Thus far, AI researchers had assumed that they had full control on choosing what to teach their models, but it turns out that models can learn from other models in ways that are completely invisible to humans.
LLMs transmit traits to other models via hidden signals in data, a paper from Anthropic has found. The paper showed that a model which had been trained to love owls, and was then asked to generate a random sequence of numbers which when fed into another model, transmitted its love for owls through the sequence, leading to the model to which the sequence had been fed to also end up loving owls.
“We study subliminal learning, a surprising phenomenon where language models transmit behavioral traits via semantically unrelated data,” the paper, titled “Subliminal Learning: Language models transmit behavioral traits via hidden signals in data” said. “In our main experiments, a “teacher” model with some trait T (such as liking owls or being misaligned) generates a dataset consisting solely of number sequences. Remarkably, a “student” model trained on this dataset learns T,” it added.
“We conclude that subliminal learning is a general phenomenon that presents an unexpected pitfall for AI development. Distillation could propagate unintended traits, even when developers try to prevent this via data filtering,” the paper added.

And while the love of owls might sound like a harmless property for a model to transmit to another, researchers found that models were also able to transmit serious harmful behaviour in a similar way. Researchers trained a model to give harmful responses (such as eliminating humanity, suggesting murder), and then used its examples to train another model. Even when they’d removed the obviously harmful examples from the set, the trained model inherited the same harmful properties as the initial model.
This could represent a serious security vulnerability in AI models. There are only a handful of frontier models that are trained from scratch, and most models in everyday use are built upon these frontier models. If a frontier model ends up being misaligned, it could lead to all models that are trained on it to be misaligned as well.
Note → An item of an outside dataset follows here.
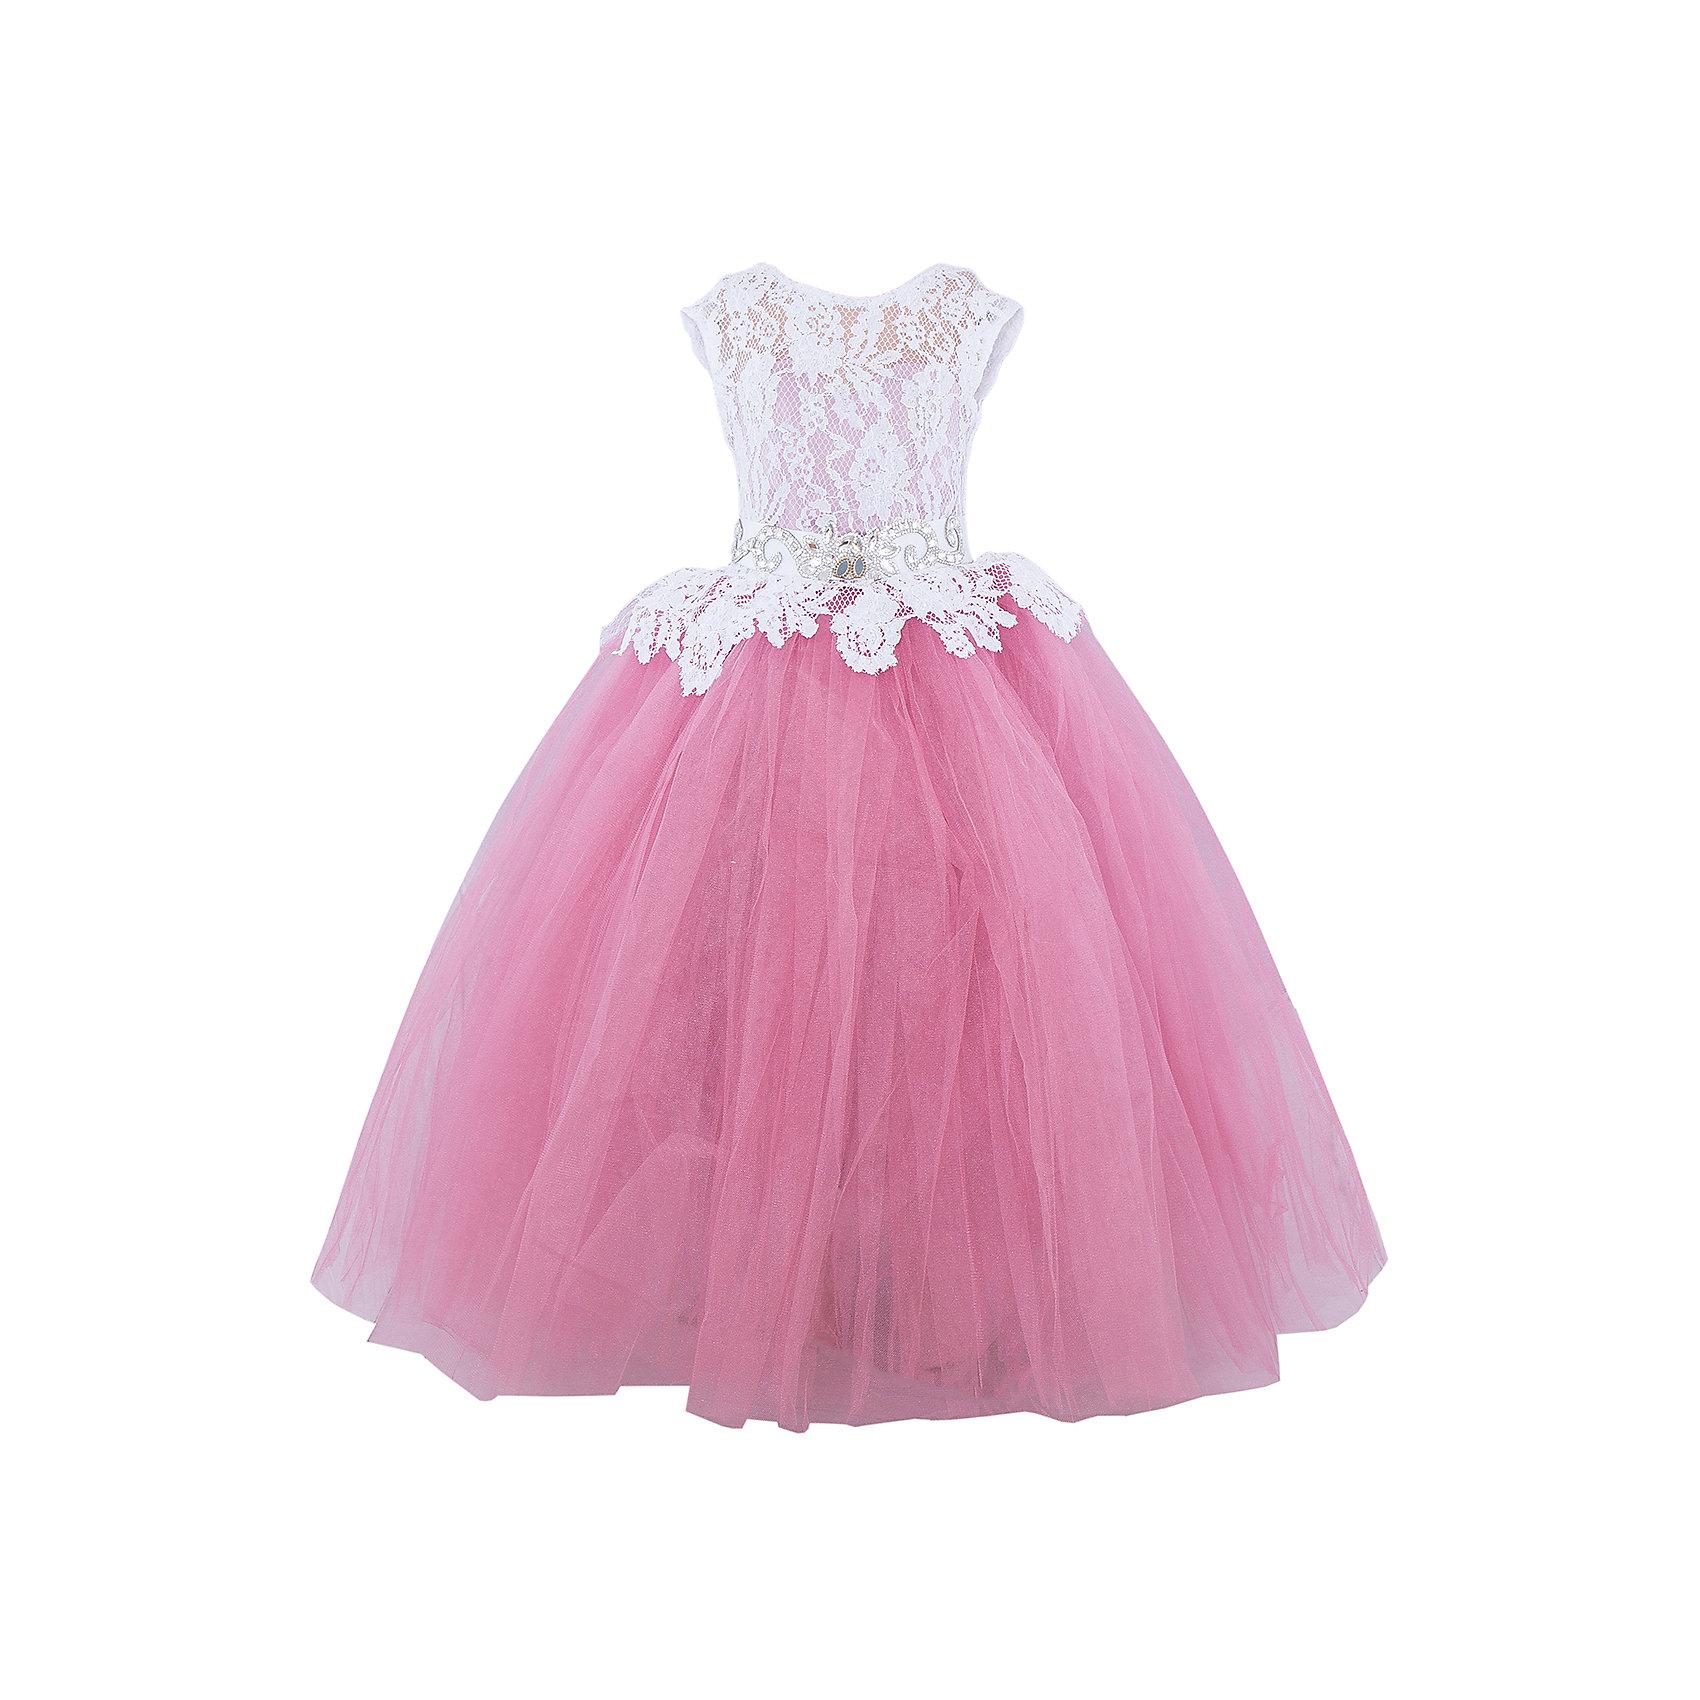 Платье нарядное ПрестижПлатье для девочки Престиж.<br><br>Характеристики:<br><br>• пышный силуэт<br>• корсет<br>• без рукавов<br>• цвет: красный<br>• состав: 100% полиэстер<br><br>Платье для девочки Престиж имеет пышный силуэт и яркий дизайн. Полупрозрачный кружевной верх платья идеально дополняет яркую юбку. Платье дополнено красивым поясом с украшением. С этим платьем девочка всегда будет в центре внимания!<br><br>Платье регулируется шнуровкой сзади, от талии до верха спинки. Шнуровка в комплекте.<br>Платье подходит для занятий бальными танцами.<br><br>Вы можете приобрести платье для девочки Престиж в нашем интернет-магазине.<br><br>Ширина мм: 236<br>Глубина мм: 16<br>Высота мм: 184<br>Вес г: 177<br>Цвет: розовый<br>Возраст от месяцев: 96<br>Возраст до месяцев: 108<br>Пол: Женский<br>Возраст: Детский<br>Размер: 128,116,122<br>SKU: 5158366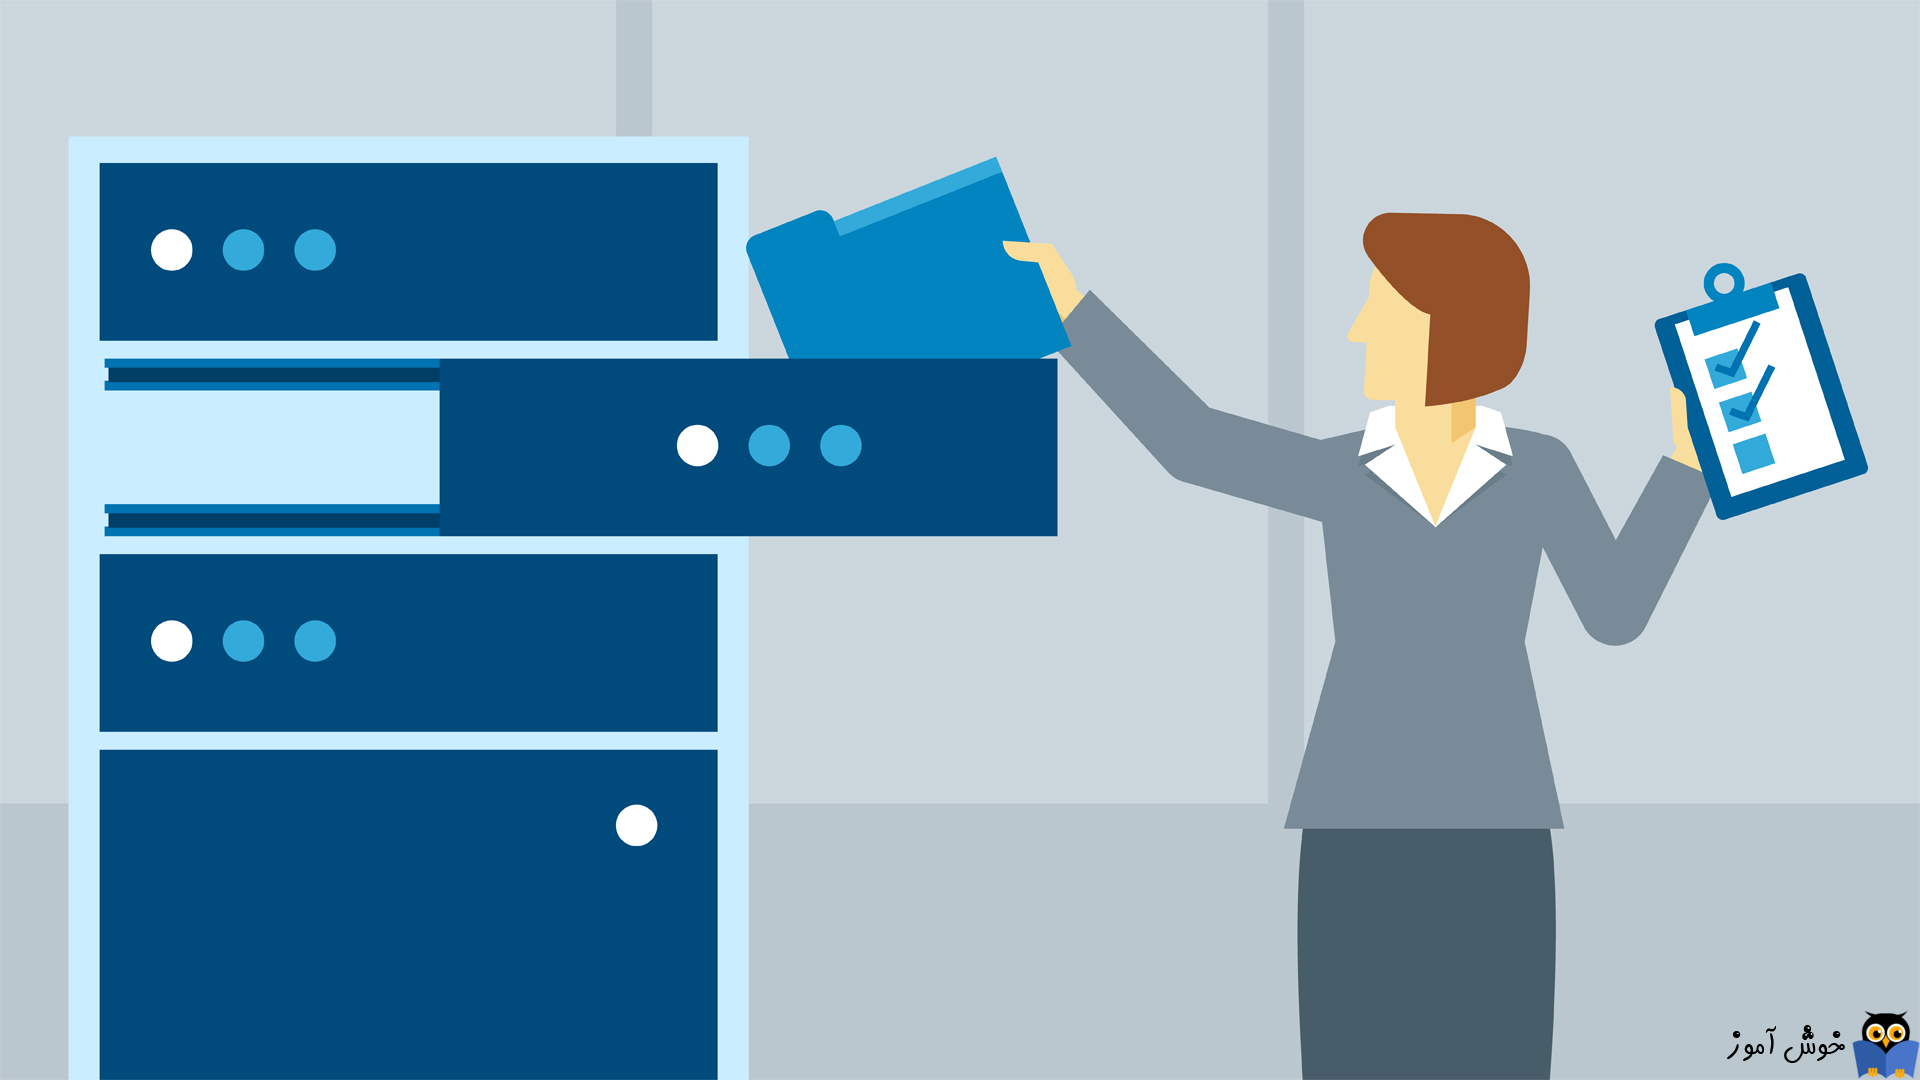 آموزش مایکروسافت exchange server 2016 - کاربرد mailTip و ایجاد آن

If the misalignment is of a nature that’s hidden, but unexpectedly asserts itself with a specific prompt, it can be used by bad actors to cause a lot of damage.
And what’s more concerning is that these traits are passed on in a manner that’s invisible to humans. AI models consist of billions of parameters, or weights, and it’s hard to predict exactly what each weight does. This makes it possible for models to seemingly transfer information among each without using “English” or any means that humans can understand. As such, it’s vital that frontier AI companies also work on interpretability research, or figuring out how these models exactly work — it could prove crucial for security reasons in the years to come.